Encoding-dependent generalization bounds for parametrized quantum
circuits
- URL: http://arxiv.org/abs/2106.03880v3
- Date: Mon, 8 May 2023 01:49:33 GMT
- Title: Encoding-dependent generalization bounds for parametrized quantum
circuits
- Authors: Matthias C. Caro, Elies Gil-Fuster, Johannes Jakob Meyer, Jens Eisert,
Ryan Sweke
- Abstract summary: We derive bounds for PQC-based models that depend explicitly on the strategy used for data-encoding.
Our results facilitate the selection of optimal data-encoding strategies.

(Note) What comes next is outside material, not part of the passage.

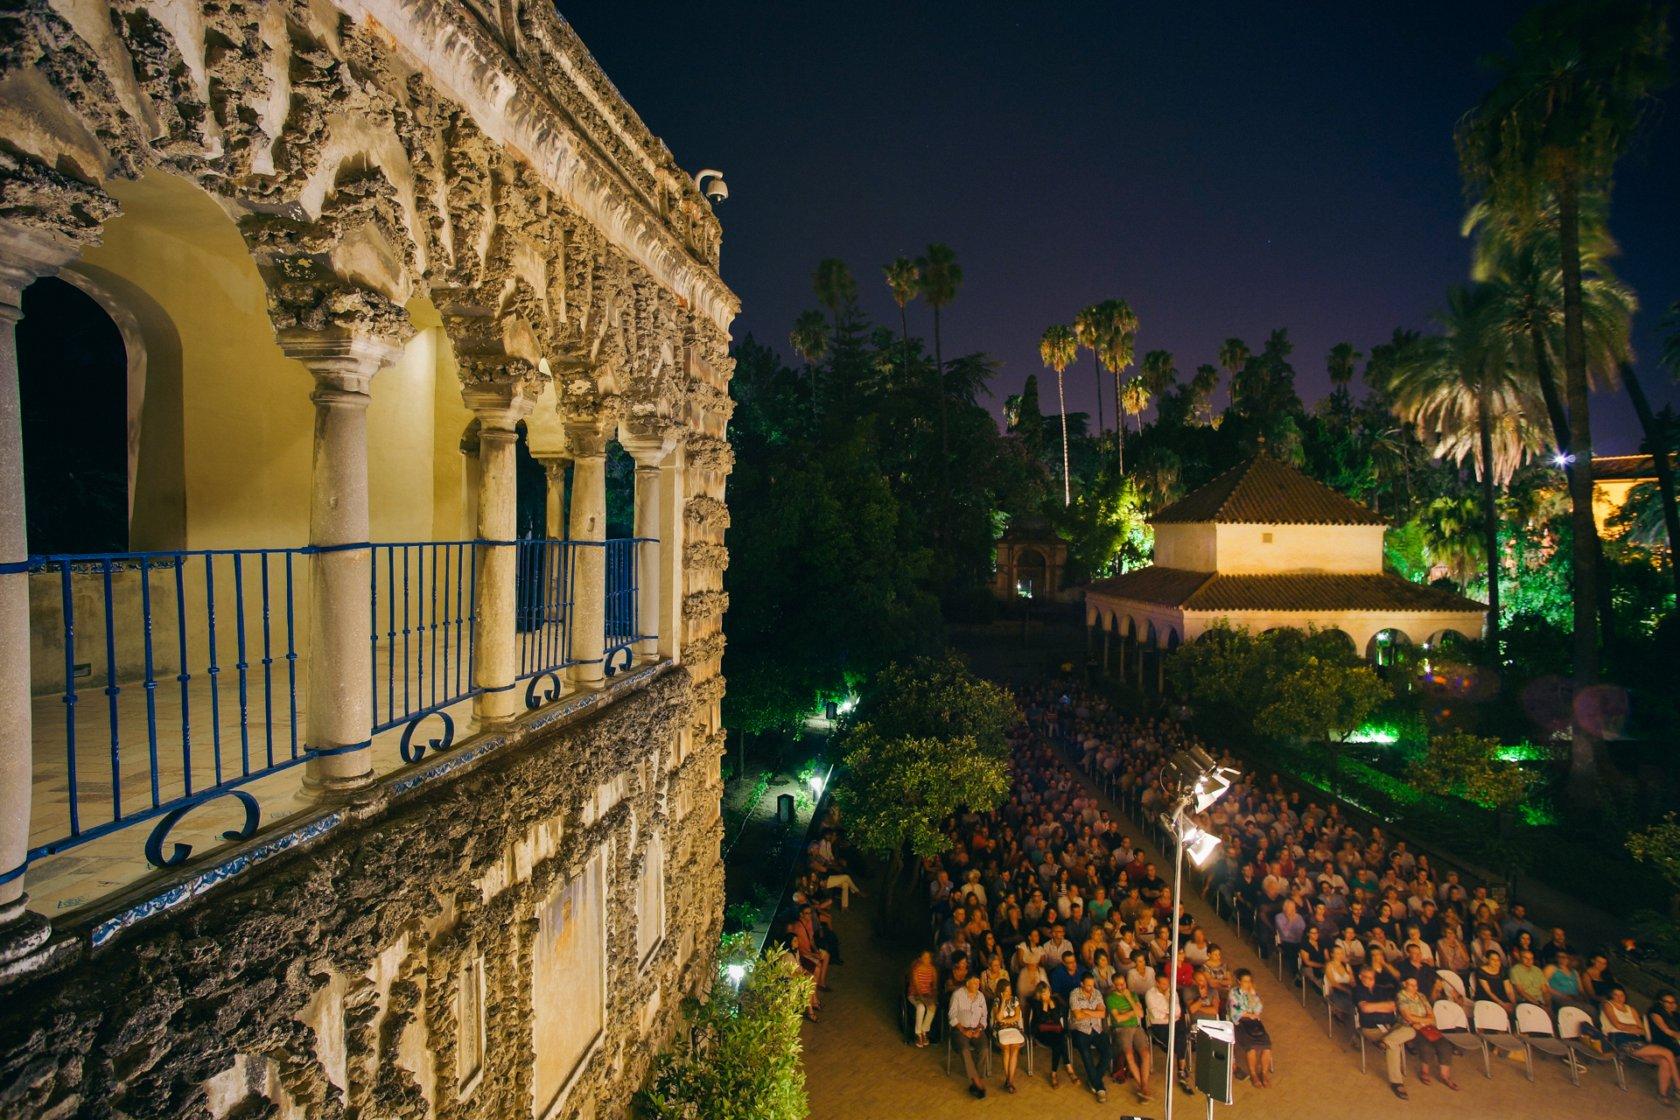 En primer término a la izquierda corredor del grutesco, abajo a la derecha, de cara y delante del cenador de la alcoba,  el público de los conciertos disfrutando un momento musical
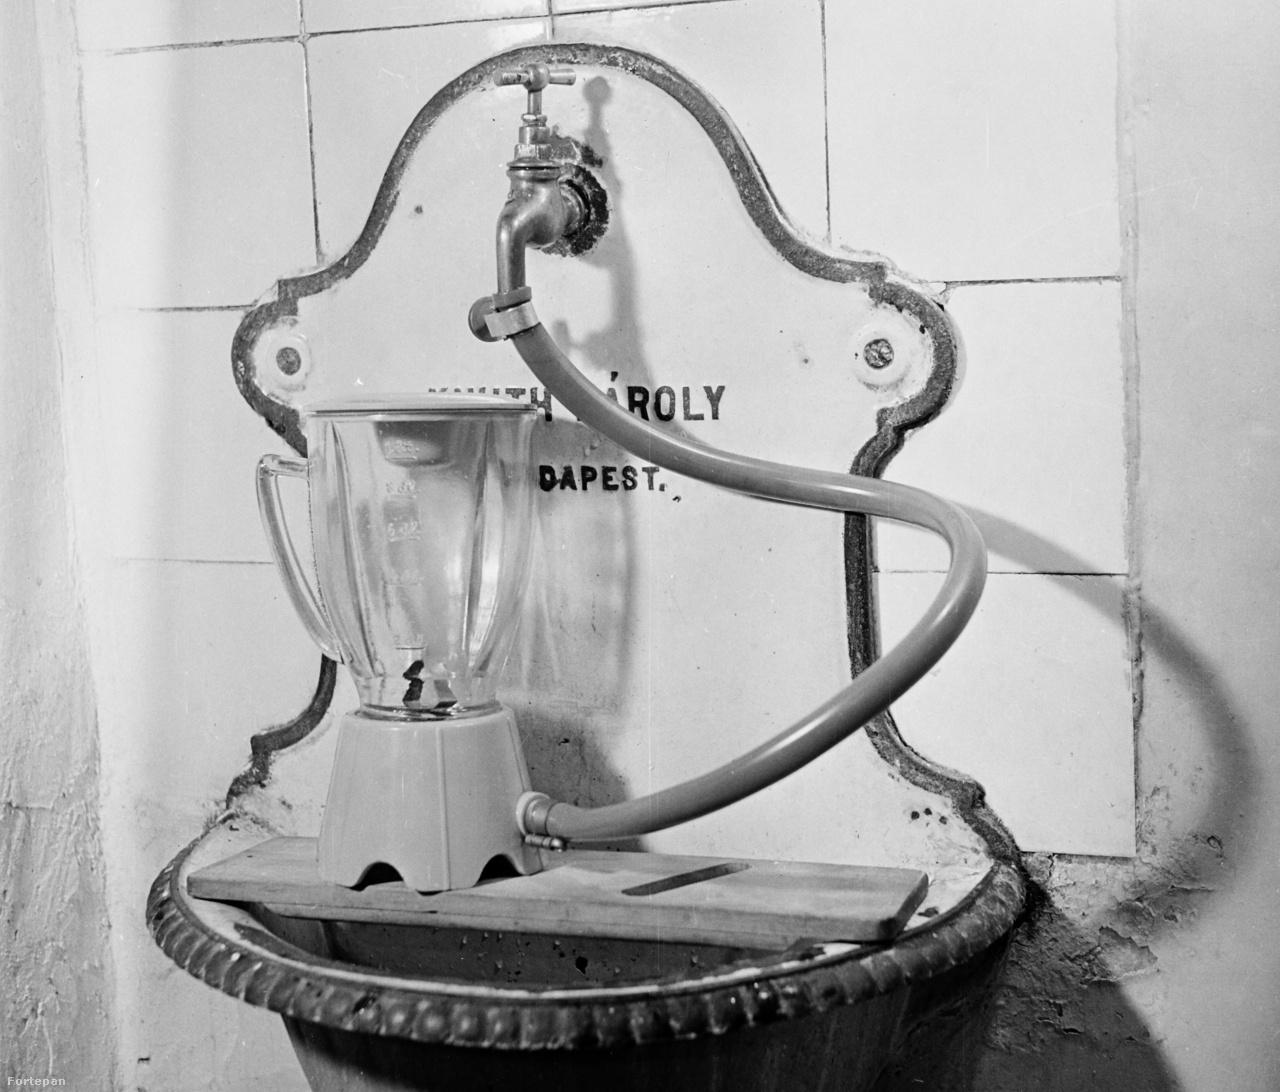 1959: nem tudunk másra gondolni, mint hogy ezt a fali csaphoz csatlakoztatott turmixgépet a víz hajtja. A 60 évvel ezelőtti minőségi buheratechnológiáról nem találtunk megnyugtató leírást.

- Score: 1.2599533416395765
- License: http://creativecommons.org/licenses/by/4.0/
- Abstract: A large body of recent work has begun to explore the potential of
parametrized quantum circuits (PQCs) as machine learning models, within the
framework of hybrid quantum-classical optimization. In particular, theoretical
guarantees on the out-of-sample performance of such models, in terms of
generalization bounds, have emerged. However, none of these generalization
bounds depend explicitly on how the classical input data is encoded into the
PQC. We derive generalization bounds for PQC-based models that depend
explicitly on the strategy used for data-encoding. These imply bounds on the
performance of trained PQC-based models on unseen data. Moreover, our results
facilitate the selection of optimal data-encoding strategies via structural
risk minimization, a mathematically rigorous framework for model selection. We
obtain our generalization bounds by bounding the complexity of PQC-based models
as measured by the Rademacher complexity and the metric entropy, two complexity
measures from statistical learning theory. To achieve this, we rely on a
representation of PQC-based models via trigonometric functions. Our
generalization bounds emphasize the importance of well-considered data-encoding
strategies for PQC-based models.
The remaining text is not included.